Paper Reading List (Updated Regularly)

Metric Learning

SoftTriple Loss: Deep Metric Learning Without Triplet Sampling
- Proposes a method that performs classification and metric learning with a single loss. It was proven that smoothing the triplet loss leads to cross entropy (they are essentially the same).
Visual Explanation for Deep Metric Learning
- Visualization of metric learning models
Embedding Expansion: Augmentation in Embedding Space for Deep Metric Learning
- By applying several simple rule-based optimizations to mining, accuracy improvements were confirmed across all distance loss functions.
Moving in the Right Direction: A Regularization for Deep Metric Learning
- Compares regularization techniques for deep metric learning and discusses the risks of triplet loss.
Deep Metric Learning via Adaptive Learnable Assessment
- Replaces mining rules with a learning-based approach and adopts an episode-based training scheme.
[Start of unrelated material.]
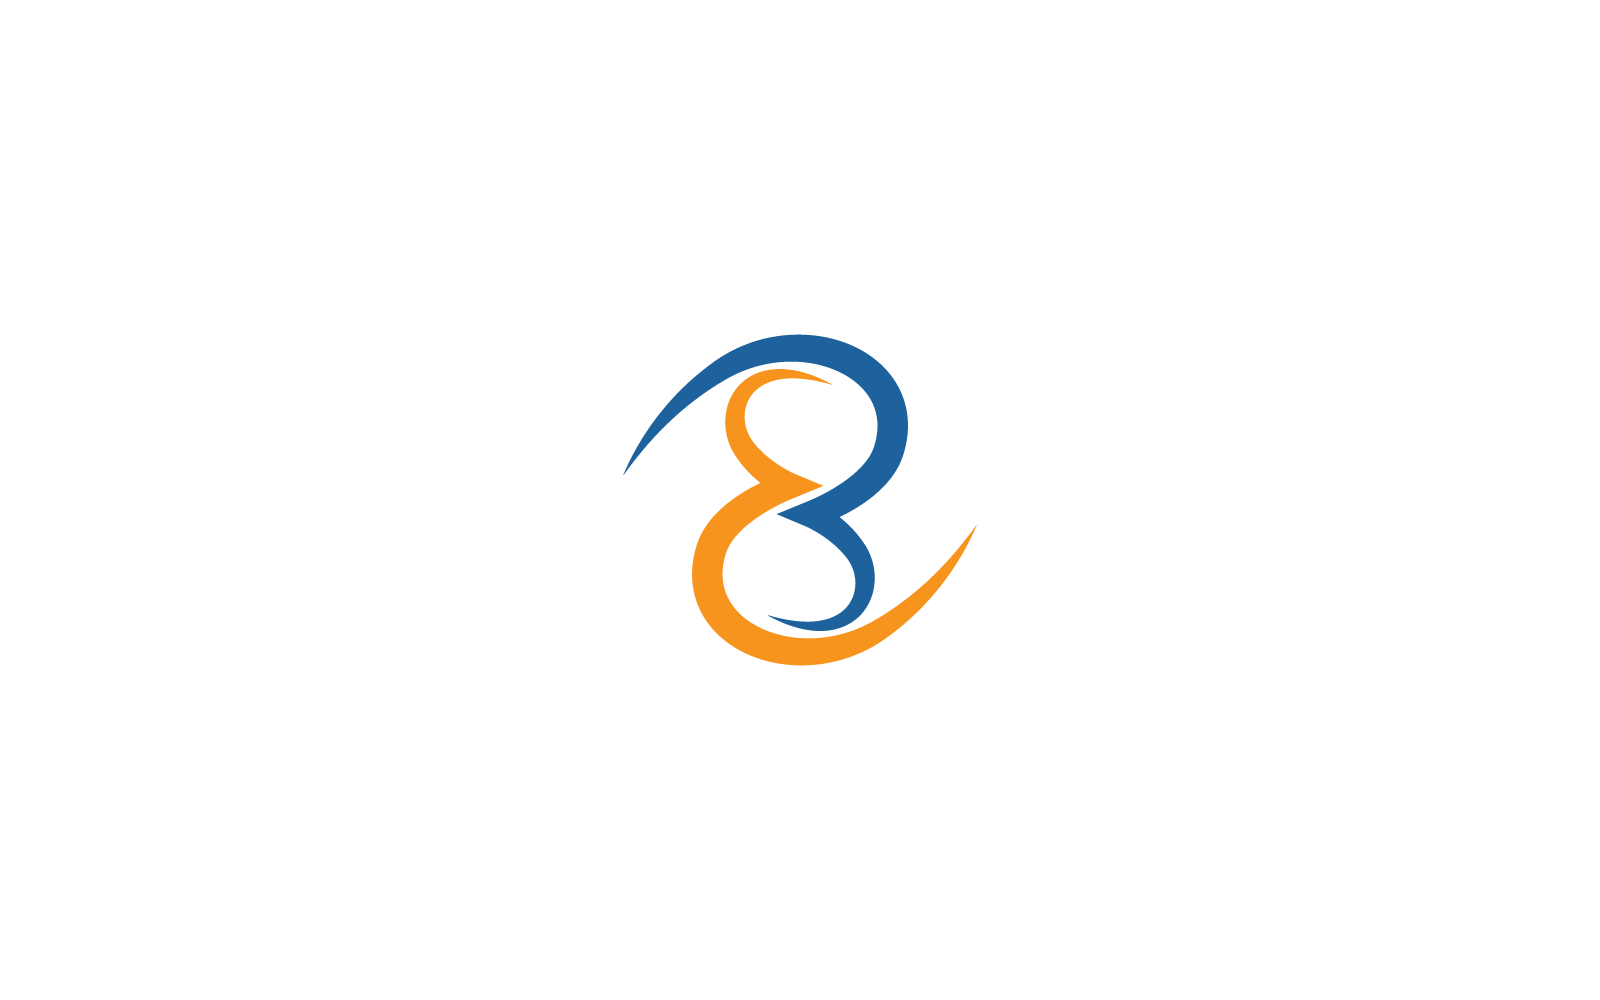 Eight logo vector flat design template

Spatiotemporal Contrastive Video Representation Learning
- Applies SimCLR to video classification tasks; would like to incorporate this.
Predicting Video with VQVAE
- Achieves 65% on Kinetics-600; a teacher_forcing-like approach is possible.
Is Space-Time Attention All You Need for Video Understanding?
- A Transformer-based video classifier with many novel aspects.
VideoMix: Rethinking Data Augmentation for Video Classification
- Proposes VideoMix, a new data augmentation for video action recognition. The T-VideoMix method seems applicable.
TSM: Temporal Shift Module for Efficient Video Understanding
- Addresses the problem of 3D CNNs being too heavy by inserting a TSM module into 2D CNNs as a substitute. TSM has zero parameters, so the complexity remains that of a 2D CNN.

Improved Conditional VRNNs for Video Prediction
- Predicts unknown video frames using a Variational Recurrent Autoencoder. A typical RAE that is very simple -- the go-to approach for generation.
Video Prediction via Example Guidance
- Not finished reading; the first multimodal model for video future prediction.
Predictive Learning: Using Future Representation Learning Variational Autoencoder for Human Action Prediction
- Two-stream approach using RGB and Optical Flow.

Revisiting ResNets: Improved Training and Scaling Strategies
- Training and scaling strategies for ResNet.
An annotation-free whole-slide training approach to pathological classification of lung cancer types using deep learning
- Avoids image downscaling by using a Unified Memory (UM) mechanism and several GPU memory optimization techniques.
Prototypical Contrastive Learning of Unsupervised Representations
- EM algorithm-based clustering that modifies the distance function to make clusters harder to converge, thereby suppressing overfitting.